The UFO cohort is funded by the Swedish Research Council, the Swedish Foundation for Strategic Research, by grants from the Swedish state under the agreement between the Swedish government and the county councils, the ALF-agreement (ALFGBG-720331 and ALF-VLL 679611), the Lundberg Foundation, the Torsten and Ragnar Söderberg’s Foundation, the Novo Nordisk Foundation, and the European Commission grant HEALTH-F2-2008-201865-GEFOS, BBMRI.se, the Swedish Society of Medicine, the Kempe-Foundation (JCK-1021), the Medical Faculty of Umeå University, the county council of Västerbotten (Spjutspetsanslag VLL:159:33–2007). The funders had no role in study design, data collection and analysis, decision to publish, or preparation of the manuscript.

MrOS Sweden cohort

MrOS in Sweden is supported by the Swedish Research Council, the Swedish Foundation for Strategic Research, the ALF/LUA research grant in Gothenburg, the Lundberg Foundation, the Knut and Alice Wallenberg Foundation, the Torsten Soderberg Foundation, and the Novo Nordisk Foundation.

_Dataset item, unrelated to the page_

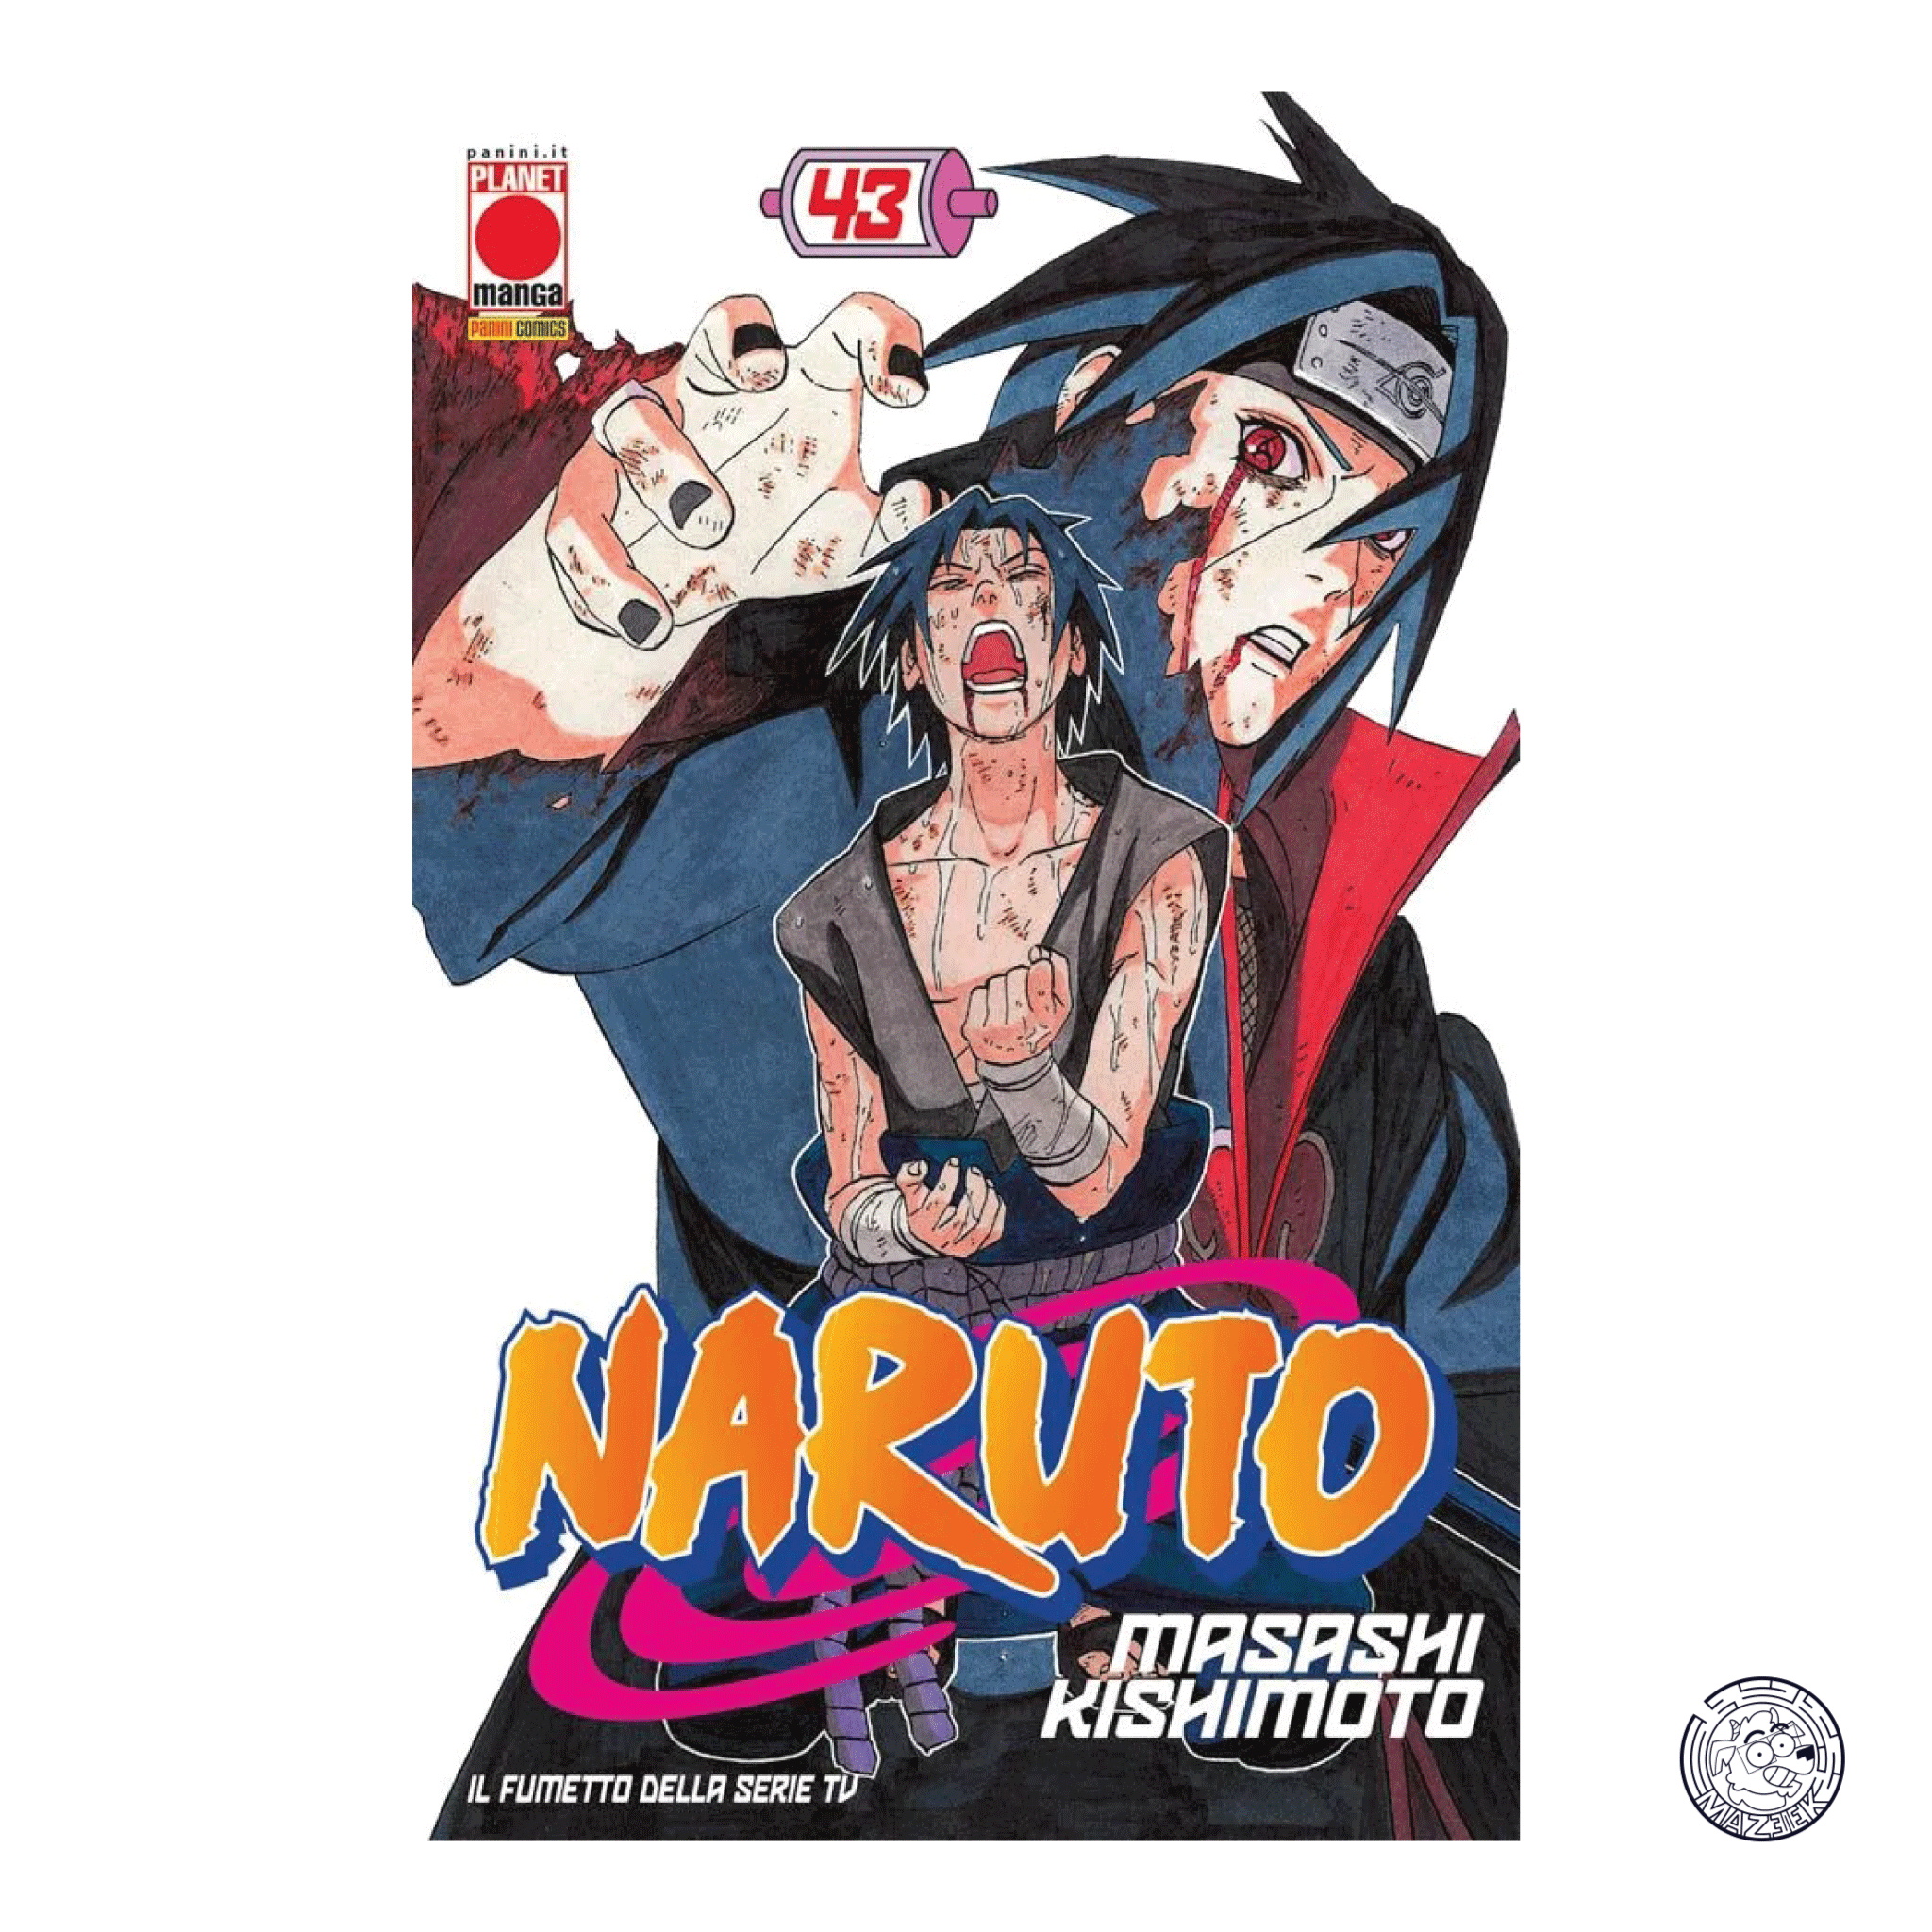 Naruto The Myth 43 – Reprint 4

Financial Support: This work was supported by the Swedish Research Council, the Swedish Foundation for Strategic Research, by grants from the Swedish state under the agreement between the Swedish government and the county councils, the ALF research grants in Gothenburg and Västerbotten, the Lundberg Foundation, Knut and Alice Wallenberg Foundation, the Torsten and Ragnar Söderberg’s Foundation, the Novo Nordisk Foundation, the European Commission grant, BBMRI.se, the Swedish Society of Medicine, the Kempe-Foundation, the Medical Faculty of Umeå University and the county council of Västerbotten Foundation.

Glossary

Abbreviations

AIC

Akaike information criterion

AUC

area under the receiver operating characteristic curve

BMD

bone mineral density

BUA

bone ultrasound attenuation

CT

computed tomography

DXA

dual-energy x-ray absorptiometry

eBMD

estimated bone mineral density of the calcaneus

eBMDGRS

weighted genetic risk score for estimated bone mineral density of the calcaneus

FDR

false discovery rate

FN-BMD

femoral neck bone mineral density

FN-BMDGRS

weighted genetic risk score for femoral neck bone mineral density

GWAS

genome-wide association study

HRpQCT

high resolution peripheral quantitative computed tomography

IBS

identical-by-state

LS-BMD

lumbar spine bone mineral density

MrOS

Osteoporotic Fractures in Men

NSHDS

Northern Sweden Health and Disease Study

SNP

single nucleotide polymorphism

SOS

speed of sound

UFO

Umeå Fracture and Osteoporosis

vBMD

volumetric bone mineral density

Additional Information

Disclosure Summary: The authors have nothing to disclose.

Data Availability: Restrictions apply to the availability of data generated or analyzed during this study to preserve patient confidentiality or because they were used under license. The corresponding author will on request detail the restrictions and any conditions under which access to some data may be provided.